Alaska Native Language Classes and Degree Programs
There are 20 Alaska Native languages: Aleut, Alutiiq (also called Aleut or Sugpiaq), Central Yup'ik, St. Lawrence Island, Inupiaq, Tsimshian, Haida, Tlingit, and Eyak and 11 Athabascan languages. These languages are becoming recognized as a priceless heritage.
Since the enactment of the Alaska Bilingual Education Law in 1972, there has been a statewide demand for teachers who can speak and teach these languages in the schools where there are Native children. Professional opportunities for those skilled in these languages exist in teaching and research as well as in cultural, educational, and political development.
Central Yup'ik is spoken by the largest number of people, and Inupiaq by the next largest. In these two languages major and minor curricula are offered. Courses are also regularly offered in Gwich'in Athabascan. For work in all other languages, individual or small-group instruction is offered in special topics. Thus there has frequently been instruction, seminars, and workshops also in Tlingit, Haida, St. Lawrence Island, Aleut, and Koyukon, plus comparative Eskimo and comparative Athabascan.
UAF is unique in offering this curriculum, which benefits also from the research staff and library of the Alaska Native Language Center.
Fall 2018 Class Schedule
ANL 141X (CRN 73020): Beginning Athabascan - Gwich'in (Peter)

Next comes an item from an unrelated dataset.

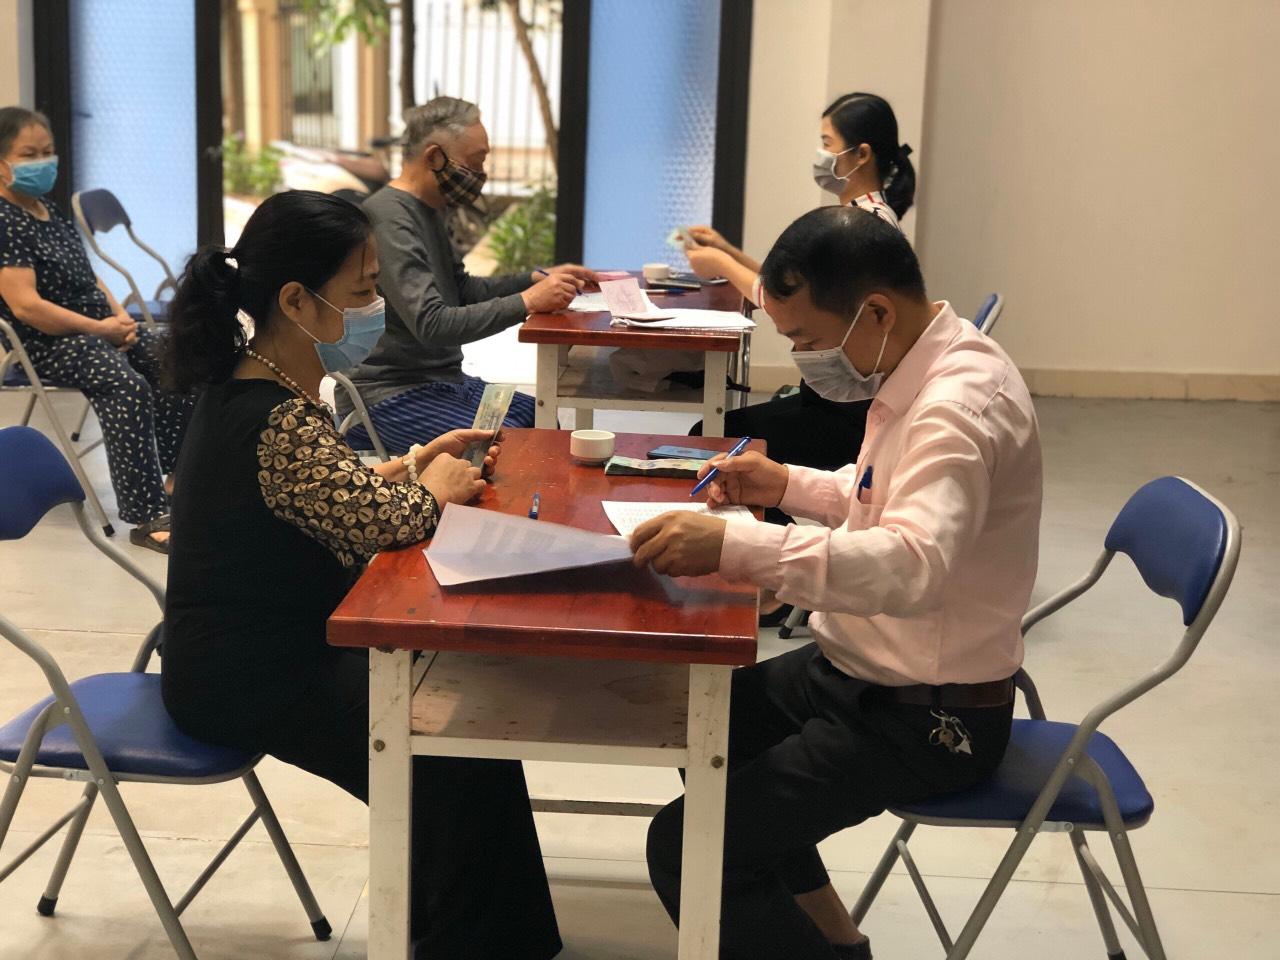 Hà Nội: Chi trả gói hỗ trợ 62 nghìn tỷ đồng cho người có công; bảo trợ xã hội; hộ nghèo, cận nghèo

Introduction to Gwich’in Athabascan, spoken in the northeastern Alaska villages of Arctic Village, Venetie, Fort Yukon, Chalkyitsik, Circle, and Birch Creek, as well as in a wide adjacent area of the Northwest Territories and Yukon Territory.
ANL 241 (CRN 73021): Intermediate Athabascan Gwich'in (Peter)
Continuation of beginning Athabascan-Gwich'in. Development of conversational ability, additional grammar and vocabulary.
ANL 251X (CRN 74865): Intro to Athabascan Linguistics (Tuttle)
Intro to the linguistic structure of the Athabascan family of languages, drawing on examples from the Athabascan languages of Alaska. Writing systems, word structure, texts and language relationships. Techniques for accessing linguistic reference materials and the role of linguistic documentation in language revitalization and language learning.
ANL 287 (CRN 74967): DIST Teaching Methods for Ak Native Languages (Peter)
Methodology approaches and practice in teaching Native language and literacy to both speakers and non-speakers. Prerquisites: Knowledge of a Native Language.
ANL 401 (CRN 75933) Ak Native Language Apprenticeship (Peter)
Structured study of an Alaska Native Language. Select and work intensively with a mentor (native speaker of selected language). Choice of mentor requires faculty approval. Meet regularly with mentor (minimum 10 hours per week) and participate in regular training sessions tow ork toward fluency. Graded Pass/Fail.
YUP 101X (CRN 74242): Elementary Central Yup'ik Eskimo (Charles)
Introduction to Central Yup'ik, the language of the Yukon and Kuskokwim deltas and Bristol Bay.
INU 111X (CRN 73696): Elementary Inupiaq Eskimo (Brower)
Introduction to Inupiaq, the language of the Unalakleet, Seward Peninsula, Kotzebue Sound and the North Slope.
INU 211 (CRN 73697) - Intermediate Inupiaq (Brower)
Continuation of INU F111 and INU F112, concentrating on development of conversational ability, with presentation of additional grammar and vocabulary. Prerequisites: INU F112.
YUP 201 (CRN 74243): Intermediate Central Yup'ik Eskimo (Charles)
Continuation of YUP F101 and YUP F102. Increasing emphasis on speaking, reading and writing. Prerequisites: YUP F102 or permission of instructor.
YUP 301 (CRN 77418): Advanced Central Yup'ik
Continuation of YUP F201 and F202. Completes the basic study of the Central Yup'ik grammar. Prerequisites: YUP F101; YUP F102; YUP F201;YUP F202; or permission of instructor.